*** Opening INPUT DATA ***

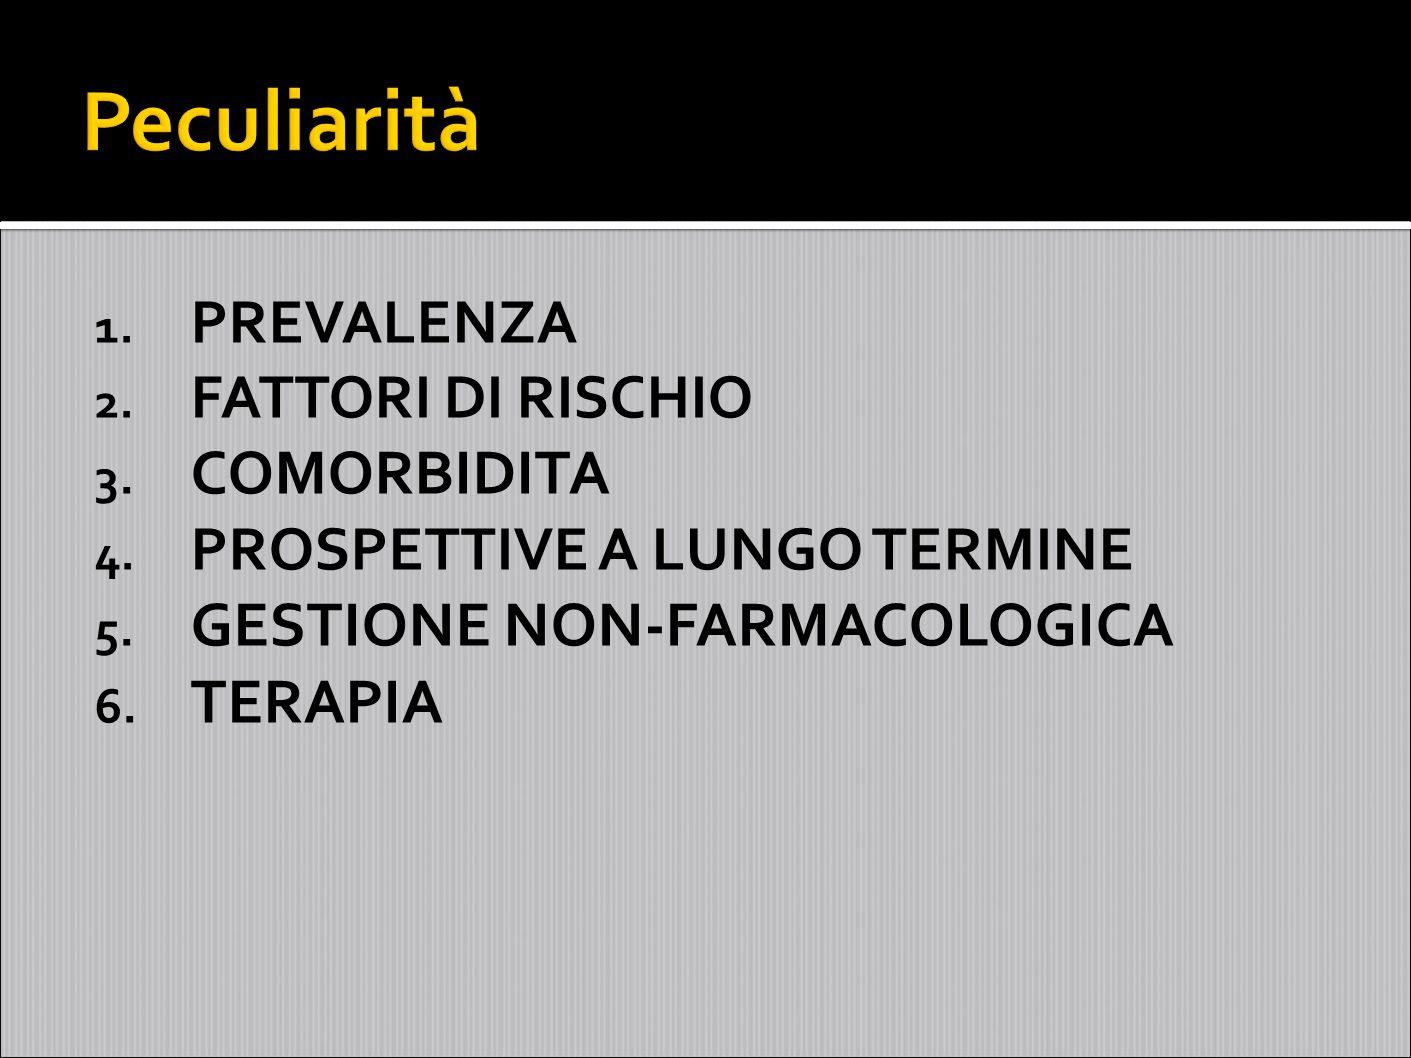 Peculiarità COMORBIDITA GESTIONE NON-FARMACOLOGICA TERAPIA PREVALENZA
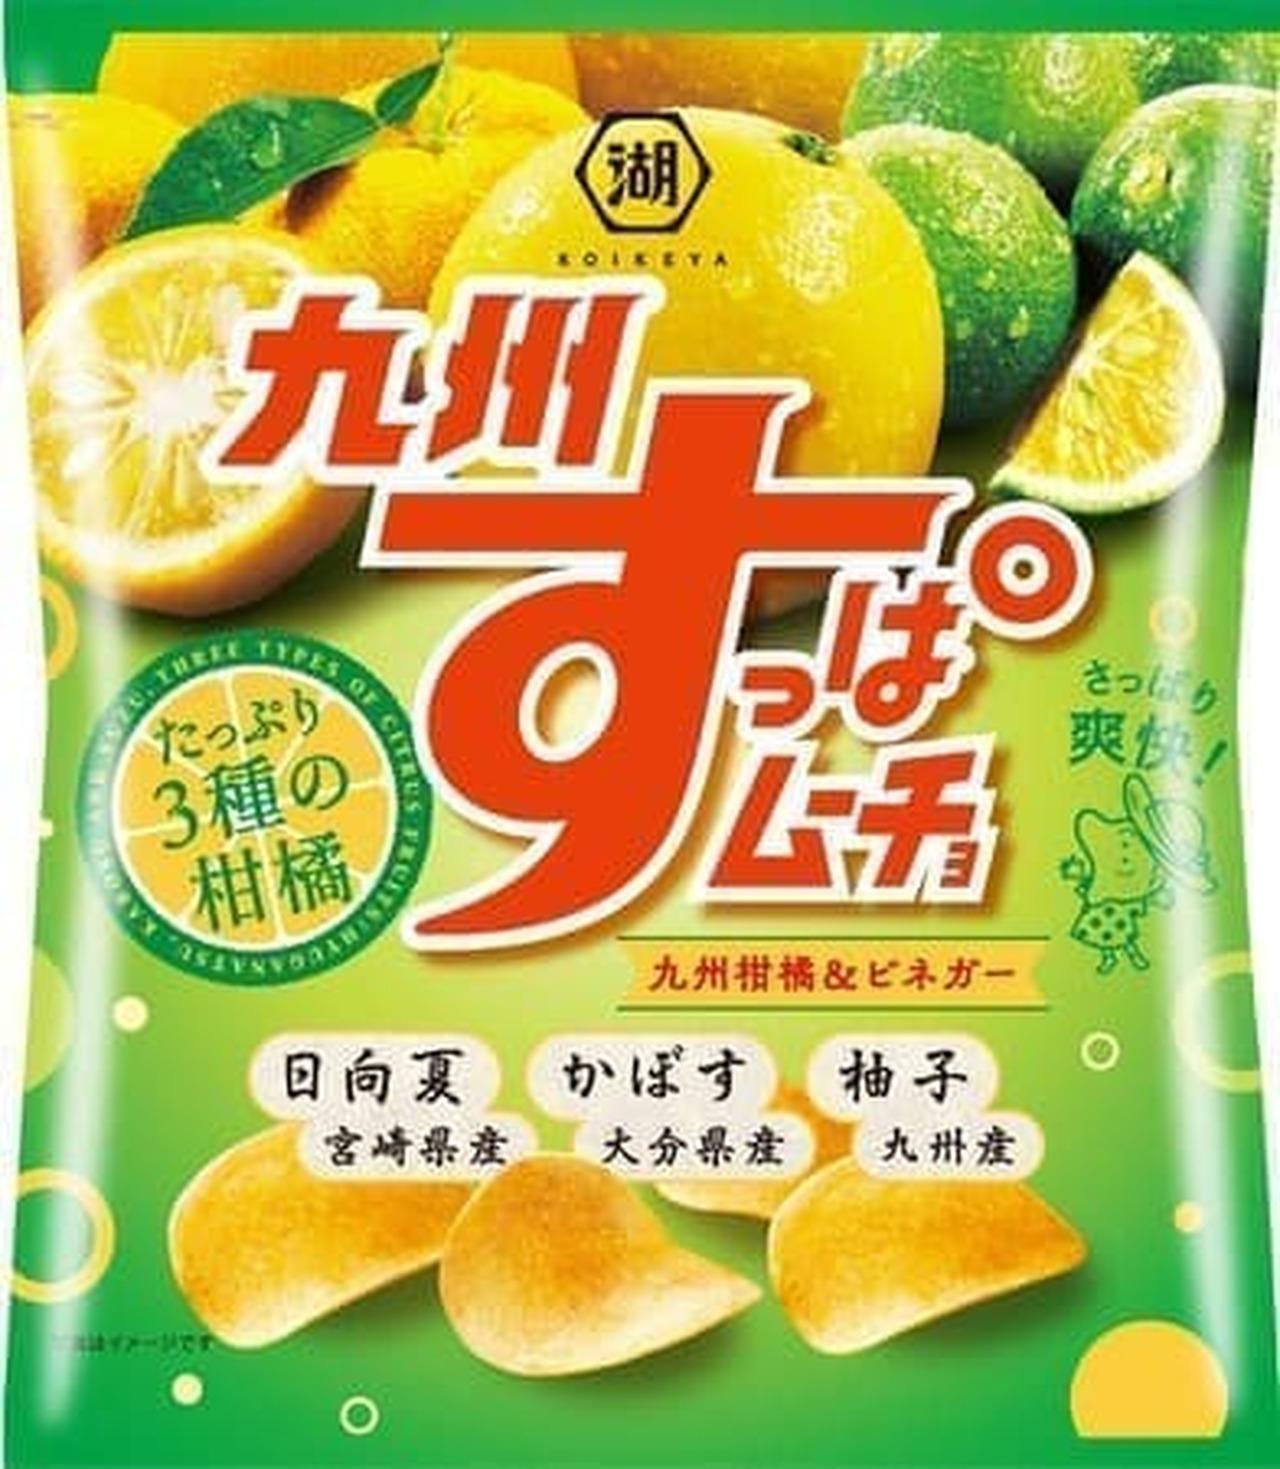 湖池屋「九州すっぱムーチョ 九州柑橘&ビネガー」
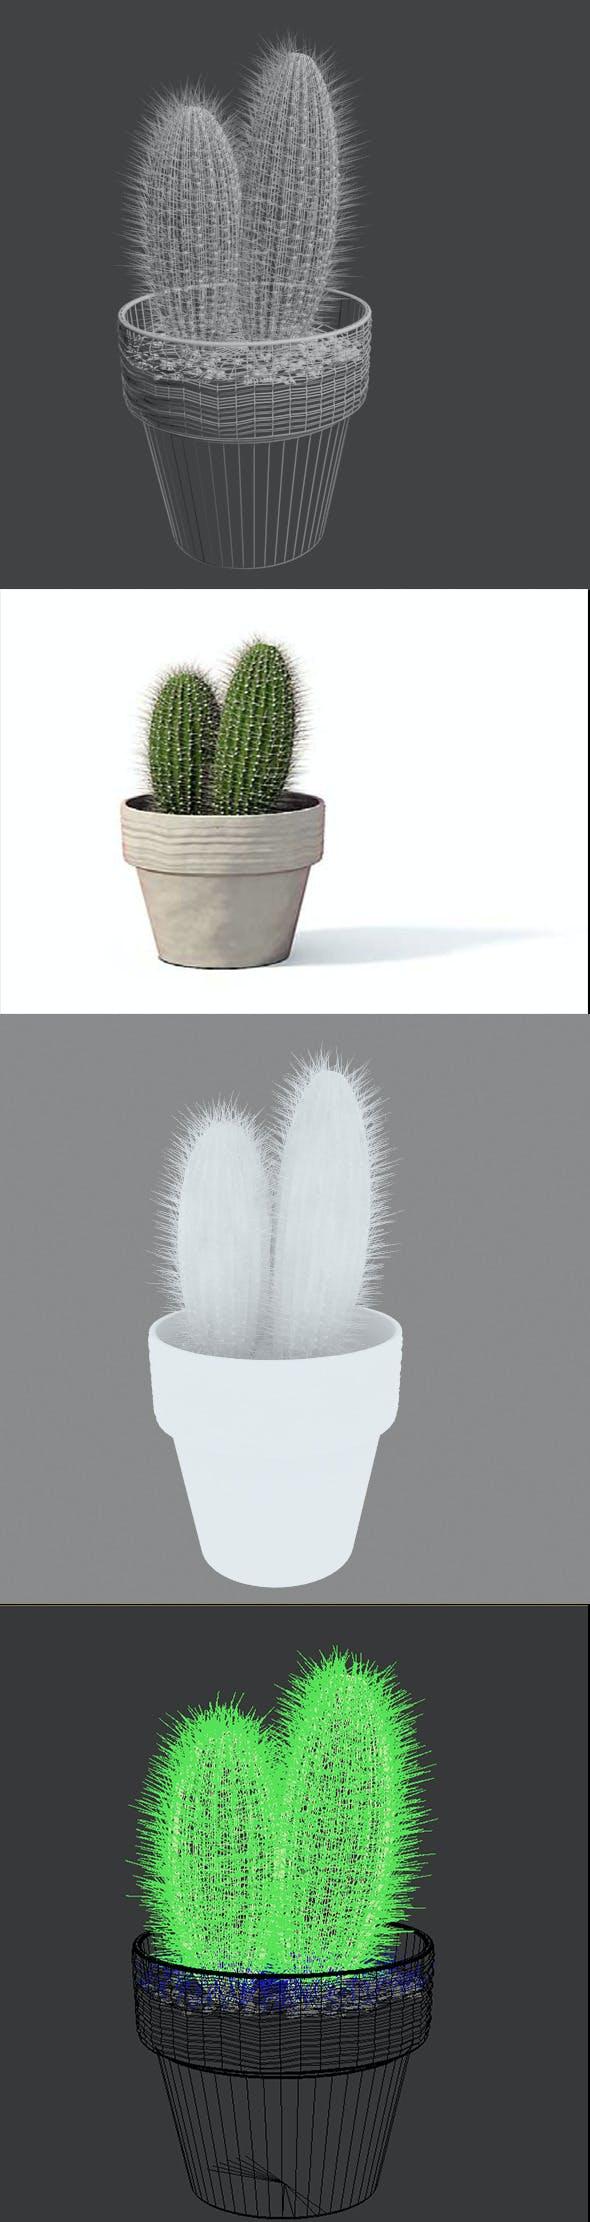 3D Cactus pot plant model - 3DOcean Item for Sale

*** Closing INPUT DATA ***

EXERCISE DESCRIPTION
Start at the first line and set down all of the data exactly, passing over the pictures.

ANSWER AREA
 Peculiarità COMORBIDITA GESTIONE NON-FARMACOLOGICA TERAPIA PREVALENZA
 湖池屋「九州すっぱムーチョ 九州柑橘&ビネガー」
 3D Cactus pot plant model - 3DOcean Item for Sale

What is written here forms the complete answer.